There are four main principles in medical ethics:
- Autonomy
- Beneficence
- Non-maleficence
- Justice
Autonomy means the patient has the right to consent to treatment or to reject it. Autonomy has to be balanced against the good of society. What if a patient’s rejection of treatment or quarantine allows an epidemic to spread? Beneficence means we should do what is best for the patient. Non-maleficence means “First do no harm.” Justice applies to conundrums like how to provide kidney dialysis and organ transplants equitably in a society that can’t afford to treat everyone with expensive high-tech treatments or where the rich can afford better treatment than the poor.
Medical ethicist Ronald Munson has written a fascinating book entitled The Woman Who Decided to Die: Challenges and Choices at the Edges of Medicine. His clinical vignettes vividly illustrate the difficult decisions that must be made when science-based medicine runs up against the harsh practical reality of ethical dilemmas.
The woman who decided to die had leukemia and chose not to try a treatment that had a 20% chance of success. She had two small children and wanted to die sooner rather than later so her husband could re-marry and her children would be less traumatized.
A young woman doesn’t want to enroll in a clinical trial because she thinks the experimental drug is her last chance and she won’t risk being put on a placebo. She can’t legally get the experimental drug outside a controlled trial – should she be able to?
A teenage boy who is unhappy and who is being bullied resorts to cutting himself repeatedly to relieve his emotional distress. What should his doctor do?
How can you determine whether a patient really represents a danger to himself or others, and does that justify involuntary commitment?
A convicted murderer will die if he doesn’t get a liver transplant. Should his crime influence his eligibility for transplant?
Should people have the right to sell a kidney? Allowing such sales would save lives by making kidneys more available for transplants. But poor people might be coerced to sell a kidney to keep their family from starving.
A patient has no hope of recovery and is being kept alive by artificial measures including a feeding tube. Is it ethical to stop feeding him?
If a patient is enduring terrible suffering and has no chance of improvement, is it ethical to euthanize him at his request? Or at the request of his spouse if he is unable to communicate?
How can we determine someone is dead when he is on life support?
The case that disturbed me the most was that of Meg, a young woman who was diagnosed with breast cancer in 1995. Chemotherapy failed, and she was offered a bone marrow transplant – actually a procedure in which some of her own cells would be harvested from her blood and saved, she would be given high-dose chemotherapy that wiped out her bone marrow, and then her own cells would be re-infused (high dose chemo with stem-cell rescue).

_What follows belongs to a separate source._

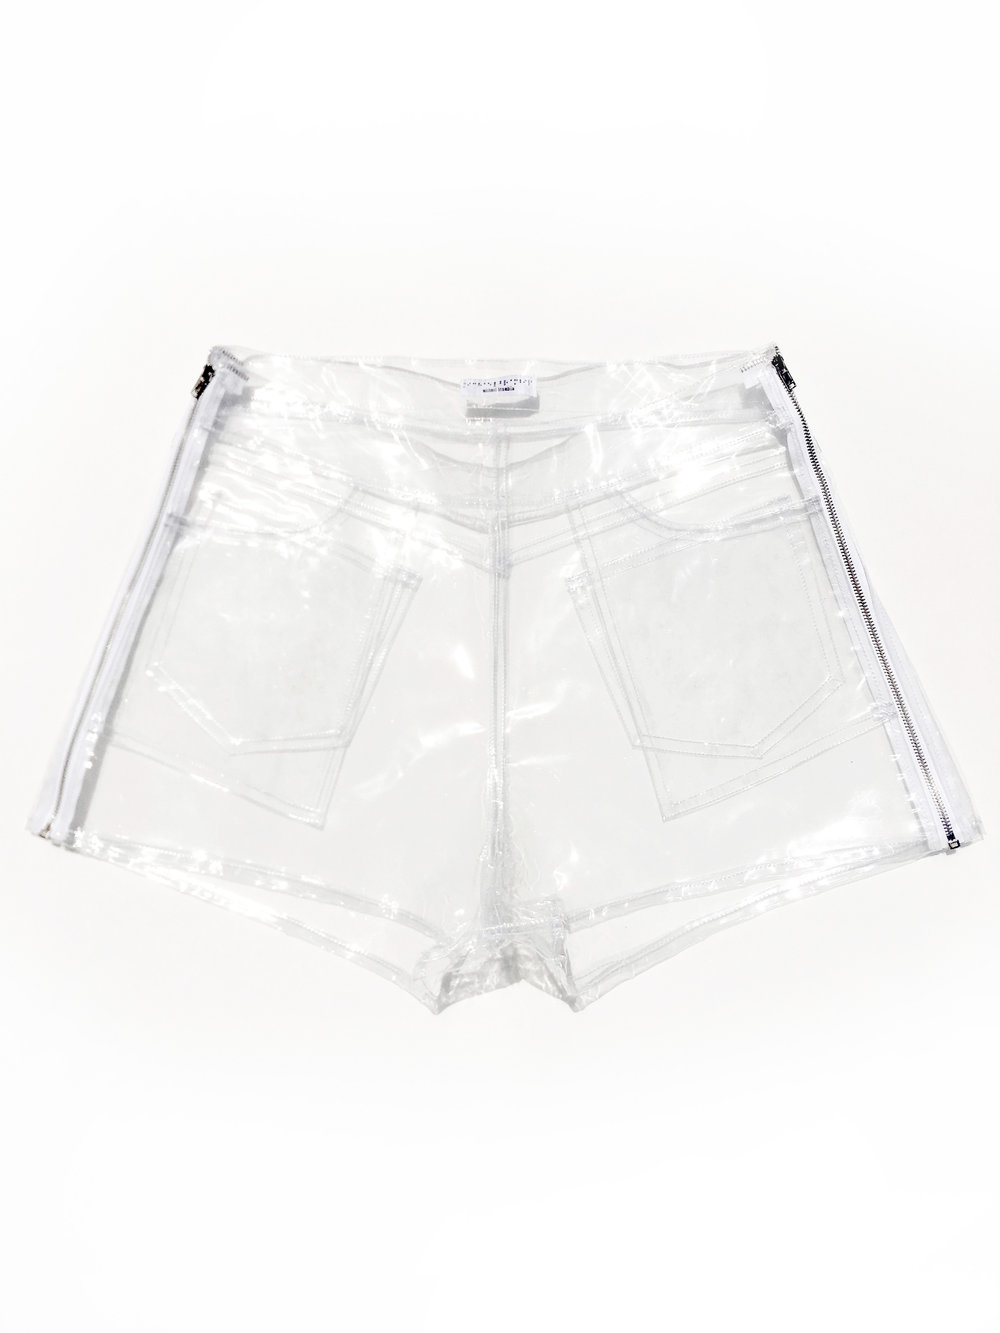 picture freeuse Plastic vinyl michael brambila. Transparent shorts clear

She was told the evidence: a few small studies showed that the treatment offered a small benefit, but none of the studies randomly assigned women to get either standard chemo or high-dose chemo plus stem cell rescue. The oncologists who recommended it were making a judgment call in the absence of genuine scientific evidence. She saw it as her only chance, had the procedure, endured weeks of suffering in the hospital and was dead 8 months later.
Stem-cell transplants had been so widely and uncritically accepted that oncologists tended to think of them as a conventional therapy that would soon be validated by clinical trials. The treatment seemed so reasonable on theoretical grounds that waiting for the scientific evidence seemed only a formality. The lesson for medicine here is that it must remain vigilant and not allow a treatment, no matter how prima facie reasonable it appears, to gain the status of a standard therapy without clinical testing. Patients tend to think that any novel therapy is better than a relatively ineffective standard one, and when physicians seem enthusiastic about it, for desperate patients that’s equivalent to an endorsement.
The data from 4 well-conducted studies were released in 1999. They showed no benefit from the procedure, and oncologists stopped offering it. That knowledge came too late for Meg.
Modern scientific medicine has learned to prolong life, but sometimes those extra years of life involve constant suffering, great financial expense, and poor quality of life. We CAN provide many interventions, but SHOULD we always use them?
Munson provides a sympathetic, thought-provoking discussion of issues many of us will eventually face for ourselves, our patients, or our family members. There are no easy answers.